• _Exercise goal_
Up to and including the line with "(C) SCARCE GERMAN", please set down the entries below exactly, starting from the first line.

• _Records for the exercise_
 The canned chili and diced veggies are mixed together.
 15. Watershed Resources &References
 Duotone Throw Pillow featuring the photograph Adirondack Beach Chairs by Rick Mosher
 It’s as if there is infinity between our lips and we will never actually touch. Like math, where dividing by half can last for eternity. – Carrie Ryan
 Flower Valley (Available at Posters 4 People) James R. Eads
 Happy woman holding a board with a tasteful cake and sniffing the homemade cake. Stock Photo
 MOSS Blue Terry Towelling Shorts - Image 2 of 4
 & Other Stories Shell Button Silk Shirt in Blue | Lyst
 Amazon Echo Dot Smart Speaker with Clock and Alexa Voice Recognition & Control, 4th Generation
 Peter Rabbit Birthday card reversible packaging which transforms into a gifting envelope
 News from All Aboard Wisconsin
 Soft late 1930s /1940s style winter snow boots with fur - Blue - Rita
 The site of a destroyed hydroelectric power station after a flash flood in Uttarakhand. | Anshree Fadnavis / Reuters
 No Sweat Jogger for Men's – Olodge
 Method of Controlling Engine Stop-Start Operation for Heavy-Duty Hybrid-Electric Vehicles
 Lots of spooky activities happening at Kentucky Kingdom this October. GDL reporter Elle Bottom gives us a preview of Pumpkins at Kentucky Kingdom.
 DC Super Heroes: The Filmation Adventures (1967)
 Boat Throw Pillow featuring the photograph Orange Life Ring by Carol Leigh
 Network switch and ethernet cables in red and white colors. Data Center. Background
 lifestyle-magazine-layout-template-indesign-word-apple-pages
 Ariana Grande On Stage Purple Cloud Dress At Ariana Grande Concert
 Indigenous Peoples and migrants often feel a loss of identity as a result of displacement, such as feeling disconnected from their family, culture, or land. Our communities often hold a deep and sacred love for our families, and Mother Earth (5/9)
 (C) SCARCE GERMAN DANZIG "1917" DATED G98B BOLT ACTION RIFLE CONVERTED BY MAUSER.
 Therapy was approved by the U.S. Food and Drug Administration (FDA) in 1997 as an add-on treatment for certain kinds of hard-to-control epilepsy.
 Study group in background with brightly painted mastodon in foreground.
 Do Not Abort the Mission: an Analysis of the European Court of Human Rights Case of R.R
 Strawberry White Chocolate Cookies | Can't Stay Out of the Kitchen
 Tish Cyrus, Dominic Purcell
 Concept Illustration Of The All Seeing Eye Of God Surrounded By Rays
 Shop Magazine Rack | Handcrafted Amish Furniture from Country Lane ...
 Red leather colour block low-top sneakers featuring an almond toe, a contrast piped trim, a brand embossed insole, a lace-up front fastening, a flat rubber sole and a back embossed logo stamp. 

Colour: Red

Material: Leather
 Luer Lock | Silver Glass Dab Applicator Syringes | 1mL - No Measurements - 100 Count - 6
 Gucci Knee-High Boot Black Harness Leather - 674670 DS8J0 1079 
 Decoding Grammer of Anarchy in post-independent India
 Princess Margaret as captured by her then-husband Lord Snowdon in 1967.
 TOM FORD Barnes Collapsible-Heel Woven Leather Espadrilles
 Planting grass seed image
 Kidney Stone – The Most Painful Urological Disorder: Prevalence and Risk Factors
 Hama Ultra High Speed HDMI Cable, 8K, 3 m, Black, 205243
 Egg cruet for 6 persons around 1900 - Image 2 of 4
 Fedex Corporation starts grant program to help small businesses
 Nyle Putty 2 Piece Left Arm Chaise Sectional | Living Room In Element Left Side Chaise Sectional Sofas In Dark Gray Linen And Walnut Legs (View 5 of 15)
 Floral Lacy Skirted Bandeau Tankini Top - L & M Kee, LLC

• _Answer to the problem_
 The canned chili and diced veggies are mixed together.
 15. Watershed Resources &References
 Duotone Throw Pillow featuring the photograph Adirondack Beach Chairs by Rick Mosher
 It’s as if there is infinity between our lips and we will never actually touch. Like math, where dividing by half can last for eternity. – Carrie Ryan
 Flower Valley (Available at Posters 4 People) James R. Eads
 Happy woman holding a board with a tasteful cake and sniffing the homemade cake. Stock Photo
 MOSS Blue Terry Towelling Shorts - Image 2 of 4
 & Other Stories Shell Button Silk Shirt in Blue | Lyst
 Amazon Echo Dot Smart Speaker with Clock and Alexa Voice Recognition & Control, 4th Generation
 Peter Rabbit Birthday card reversible packaging which transforms into a gifting envelope
 News from All Aboard Wisconsin
 Soft late 1930s /1940s style winter snow boots with fur - Blue - Rita
 The site of a destroyed hydroelectric power station after a flash flood in Uttarakhand. | Anshree Fadnavis / Reuters
 No Sweat Jogger for Men's – Olodge
 Method of Controlling Engine Stop-Start Operation for Heavy-Duty Hybrid-Electric Vehicles
 Lots of spooky activities happening at Kentucky Kingdom this October. GDL reporter Elle Bottom gives us a preview of Pumpkins at Kentucky Kingdom.
 DC Super Heroes: The Filmation Adventures (1967)
 Boat Throw Pillow featuring the photograph Orange Life Ring by Carol Leigh
 Network switch and ethernet cables in red and white colors. Data Center. Background
 lifestyle-magazine-layout-template-indesign-word-apple-pages
 Ariana Grande On Stage Purple Cloud Dress At Ariana Grande Concert
 Indigenous Peoples and migrants often feel a loss of identity as a result of displacement, such as feeling disconnected from their family, culture, or land. Our communities often hold a deep and sacred love for our families, and Mother Earth (5/9)
 (C) SCARCE GERMAN DANZIG "1917" DATED G98B BOLT ACTION RIFLE CONVERTED BY MAUSER.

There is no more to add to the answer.